El árbol de oro es la historia de un chico que tiene acceso a un lugar al que lo demás no tienen y donde ve algo que otros no pueden ver. El sitio es significativo: allí se guardan los libros de lectura de una clase. Ivo es -autorizado por la maestra- es custodio de las letras. Y desde el allí, desde una ranura de la terracita donde se guardan los libros, puede ver un árbol de oro. El narrador, una compañera de Ivo, admite que hay otros chicos que poseen mayores méritos académicos que ameritarían tal deber. Pero Ivo ejerce una atracción sobre sus compañeros -y al parecer no sólo sobre ellos- fundada no en la inteligencia ni la gracia, sino en una característica difusa que su compañero admite no puede precisar.
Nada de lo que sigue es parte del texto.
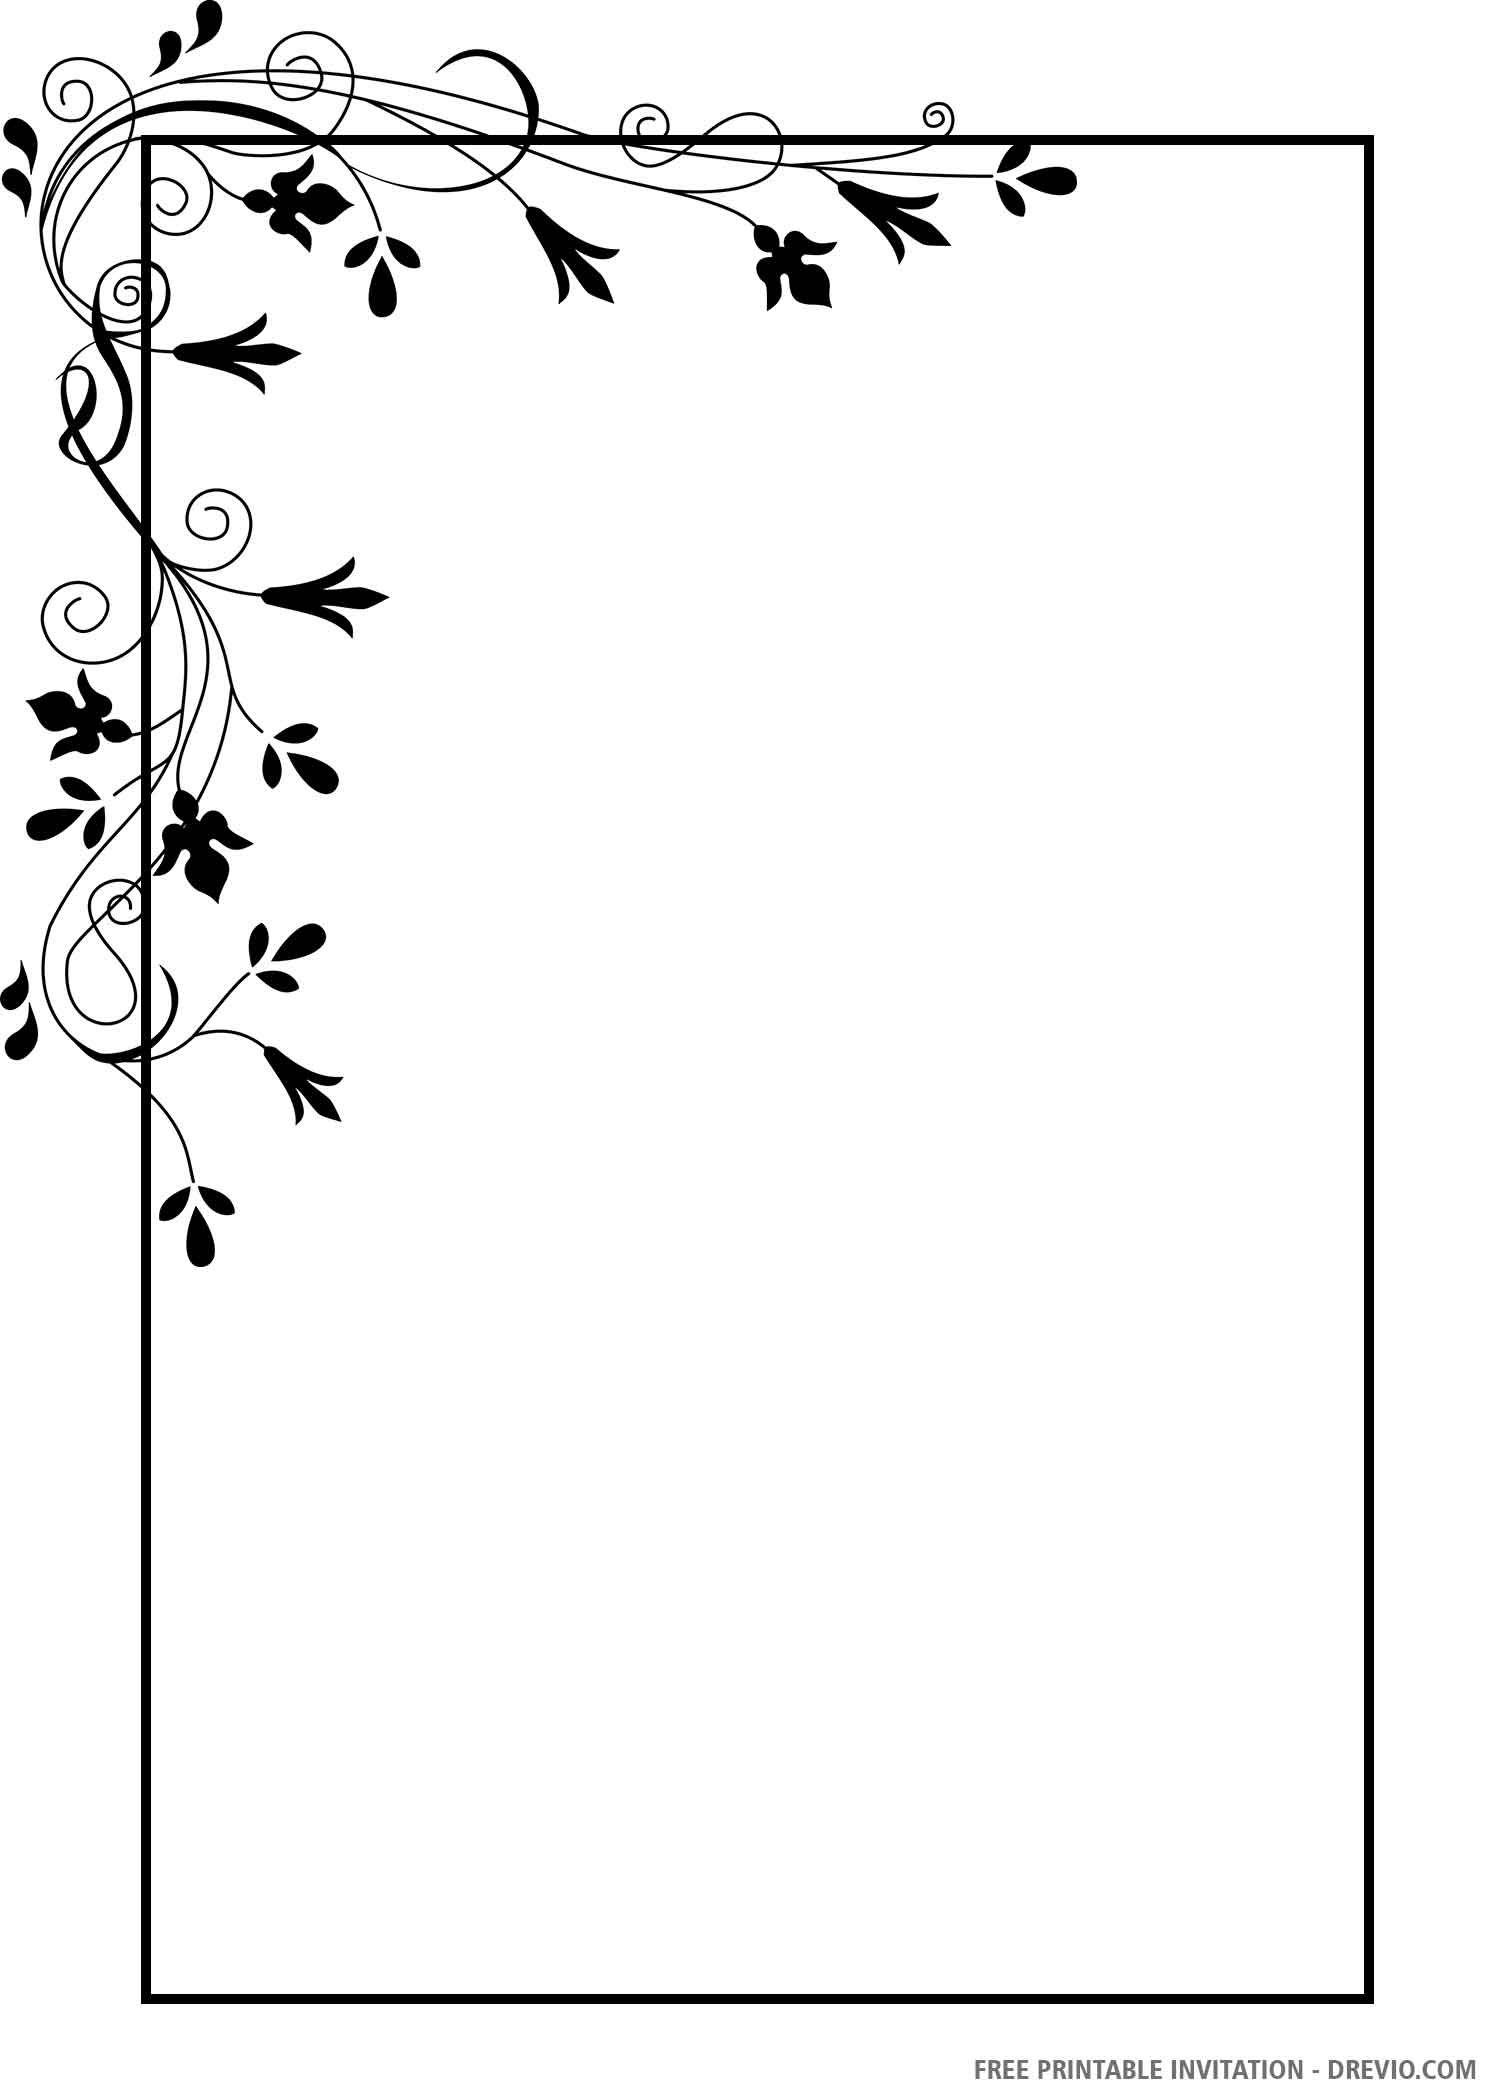 Free Printable Black And White Floral Wedding Invitation Templates Floral Wedding Invitations Colorful Borders Design Invitation Template

Aquí hay un símil entre lo que Ivo ve, que posee también algunas propiedades difusas, se va renovando; y los que sus compañeros -y la maestra- ven en el. Ivo desaparece y, tras algún tiempo, su compañera encuentra el árbol de oro, antes inexistente, ahora de pie y a dedicado a Ivo. Tal vez la compañera encontró aquello que diferenciaba a Ivo, aquello que despertaba su atención y la de los demás.
Me gustaría trazar un último paralelismo, y es con otra obra de Matute: El polizón de “Ulises”. En ambos textos se hace uso del lugar en que un niño hace uso de su imaginación. En el caso del Polizón, Matute utiliza un desván de una casa; ahora un altillo en una escuela rural. Ambos son símbolos de la inocencia perdida. Y en ambos existe un espejo -en el Polizón un prófugo al que Jujú debe prestar ayuda, y en este caso unos chicos que dudan de la existencia de un objeto- que devuelve al niño la imagen de una persona que ya no es tal. Ivo desaparece tras ser cuestionado por la narradora, Jujú se hace hombre tras un desengaño: la imagen del espejo nunca es inocente. La narradora, al volver al pueblo y descubrir el árbol, no vio su imagen en el espejo, vio a a Ivo, como no la había visto antes.